Мимо течет Дунай: Современная австрийская новелла
Шрифт:
— Теперь, когда ты повторил это слово в слово, теперь я, конечно, все вспомнила. Это же было мамино всегдашнее присловье — она вынесла из пансиона, где училась, несколько таких патетических благоглупостей. — И она пояснила мужу: — В остальном наша мама была замечательная женщина, а вот тетя Ида со своей вечной черной бархоткой на шее — та из всего делала трагедию. Между прочим, тетя Ида считала, что наш отец совершил мезальянс, и, по-моему, у нее была навязчивая идея, будто это мама не смогла выдержать до свадьбы и лишила невинности ее бедного брата. Все время — со дня смерти нашего отца и вплоть до смерти матери — между этими двумя женщинами шла ожесточенная, хоть и безмолвная борьба, во имя чего, не известно. Они не спорили, но во всем поступали наперекор одна другой: в манере одеваться, в распорядке дня, в пристрастии или отвращении к тем или иным кушаньям, в выборе книг для чтения, в суждениях о кино и театре, но со стороны вряд ли можно было заметить, какая между ними идет война. —
Бен заметил, прежде чем мы перешли на другие темы:
— А ведь история-то совсем недурственная.
Поэтому я решился на следующий день поговорить с ним с глазу на глаз; я совсем потерял голову и испытывал сильную потребность выговориться. Я рассказал Бену все, что знал, сообщил, какие предположения строила моя мать и какие строил теперь я сам, растолковал ему — мы полулежали в шезлонгах на веранде и пили виноградную водку, — что у меня есть некоторые основания считать свою догадку верной. При этом я, конечно, поведал ему и о своих, так сказать, литературных изысканиях. Он внимательно выслушал меня и сказал:
— Звучит довольно убедительно, но должен тебя разочаровать: Томас Манн не еврей.

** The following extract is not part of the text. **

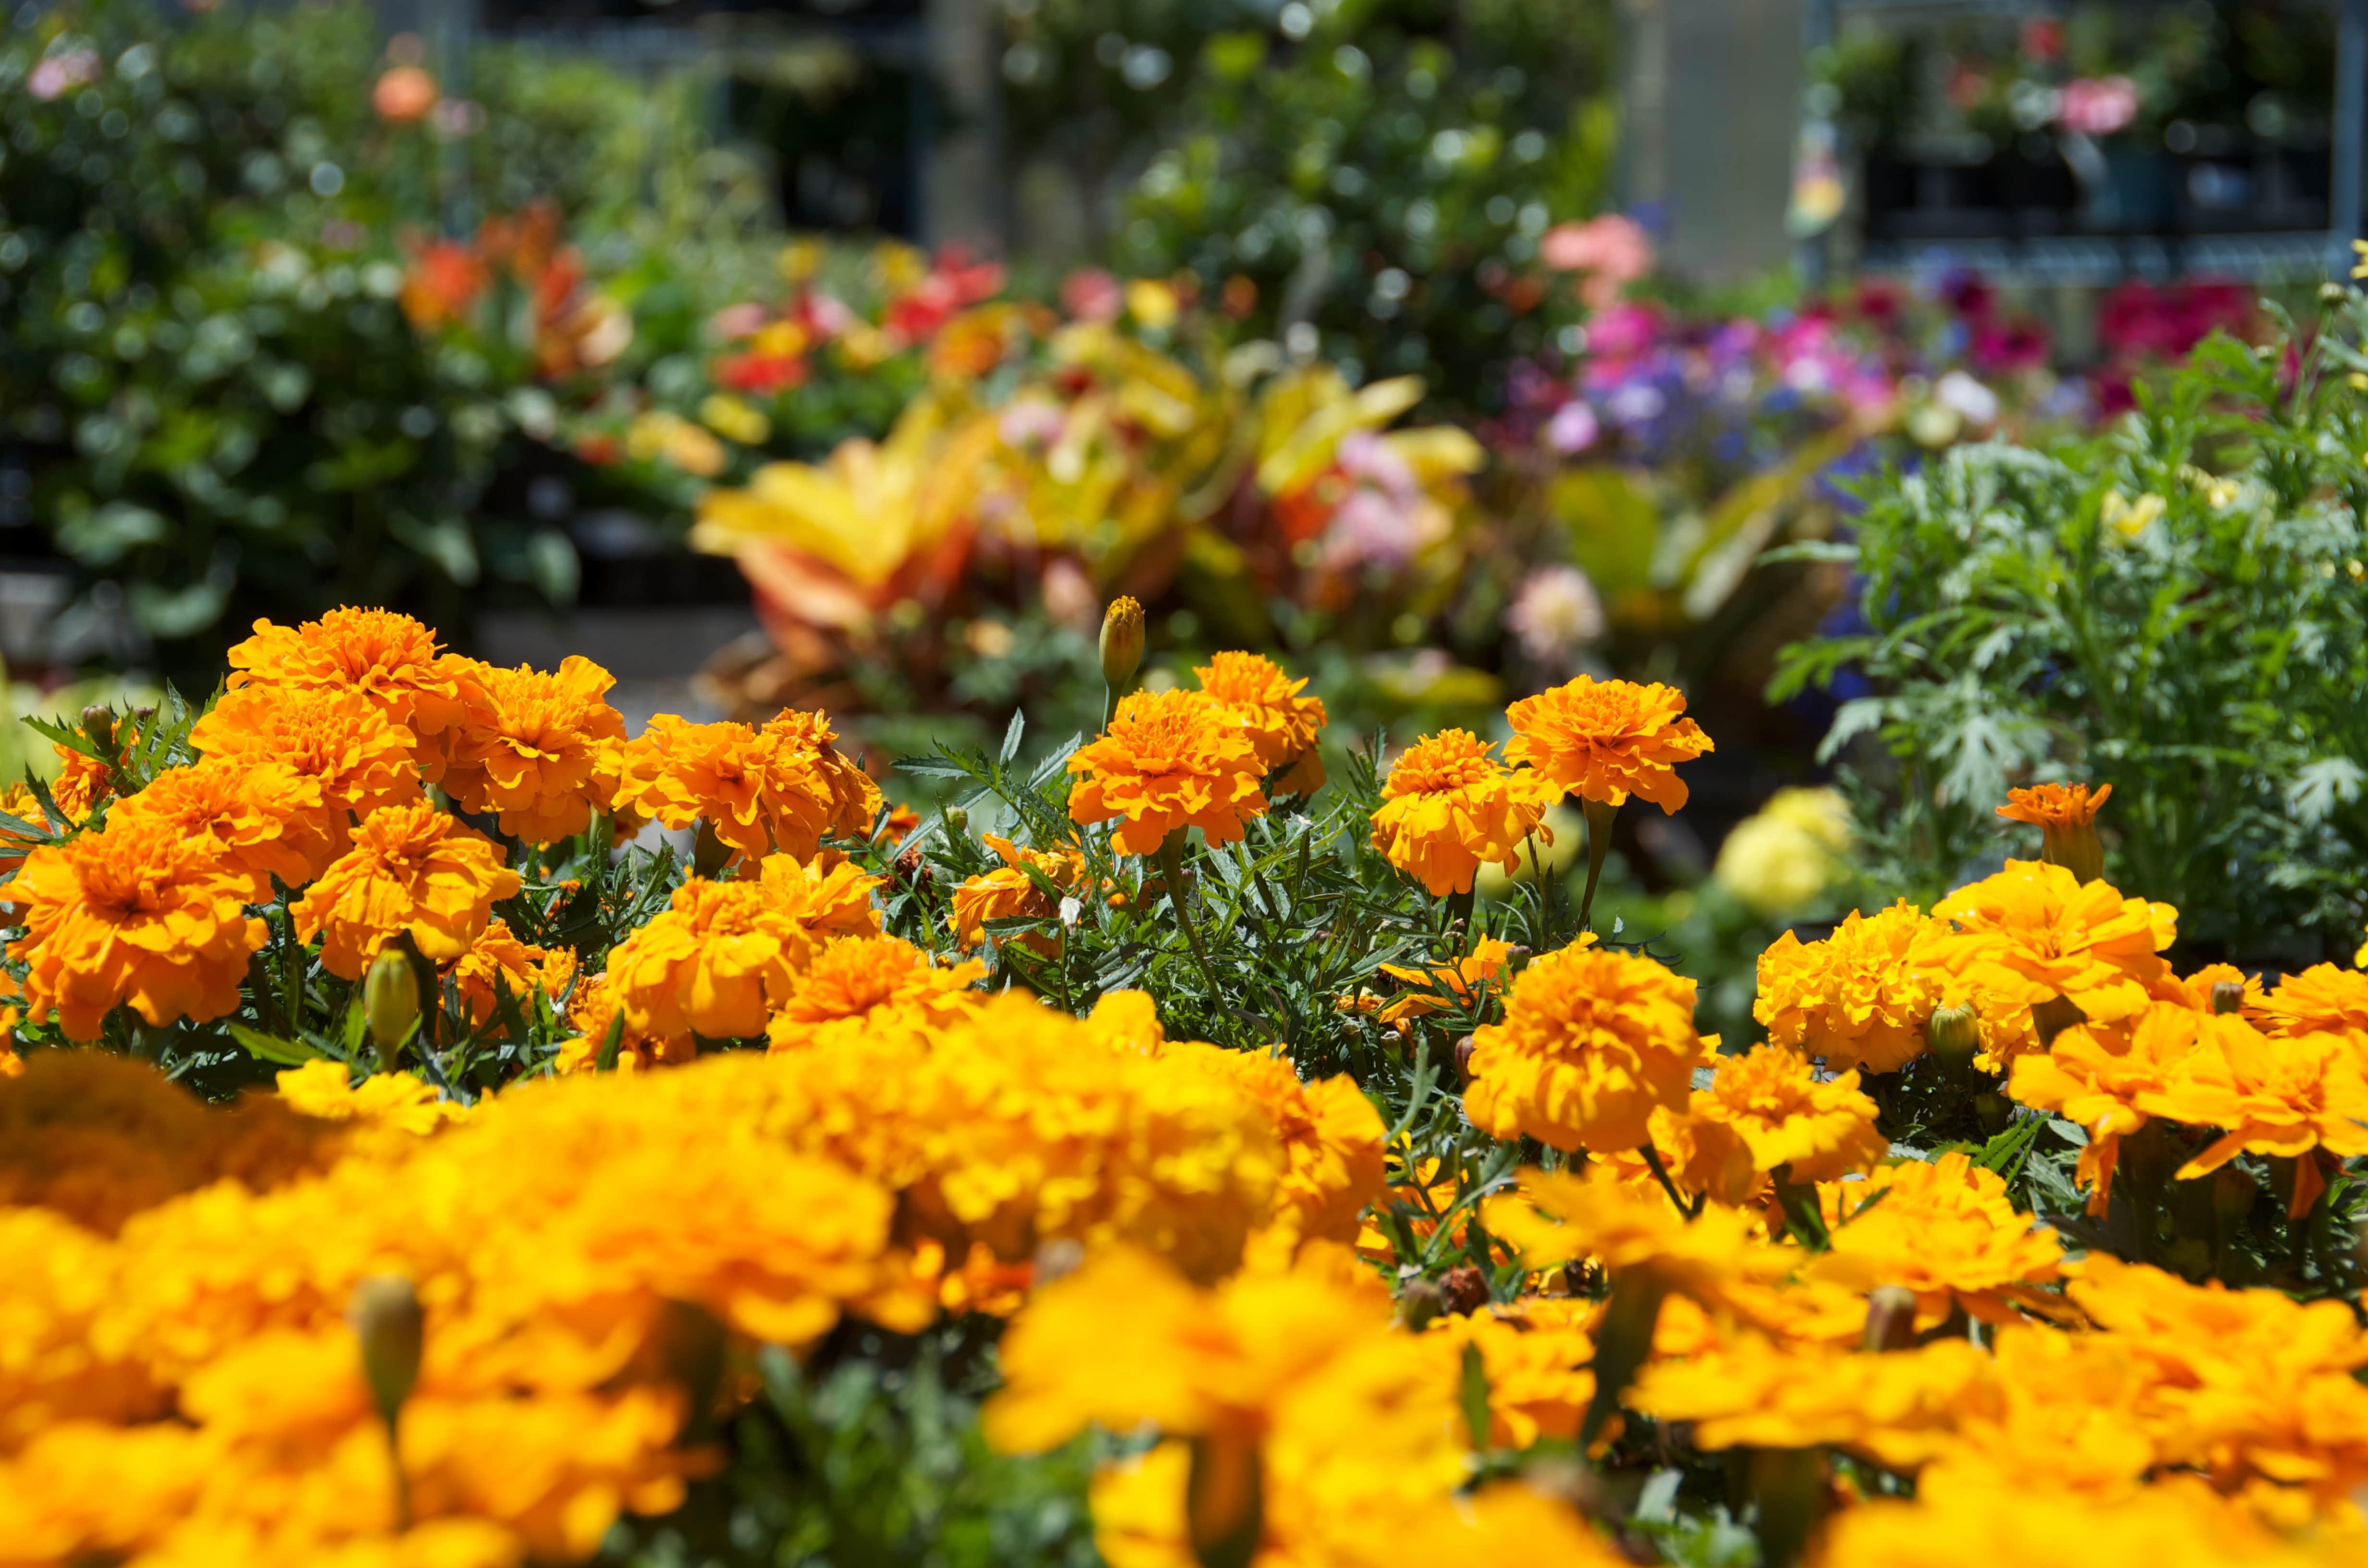 Annual and perennial flowers pittsburgh pa best feeds garden annual flowers best feeds garden centers gibsonia pa pittsburgh pa izmirmasajfo

Я оказался настолько глуп, что стал еще спорить: как же так, он ведь эмигрировал после прихода Гитлера к власти? На что мой зять чуть ли не извиняющимся тоном сказал:
— Ты чертовски молод, я об этом как-то забываю. Откуда тебе знать, что люди покидали тогдашнюю Германию и по другим причинам.
На следующее утро перед моим отъездом сестра сказала:
— Бен бесконечно благодарен тебе за то, что ты ни разу не заговорил с ним о литературе, он просто не выносит разговоров на литературные темы. А он так тебя боялся — ты же изучаешь литературу.
Я что-то пробормотал в ответ, а потом спросил сестру, что все-таки пишет ее муж.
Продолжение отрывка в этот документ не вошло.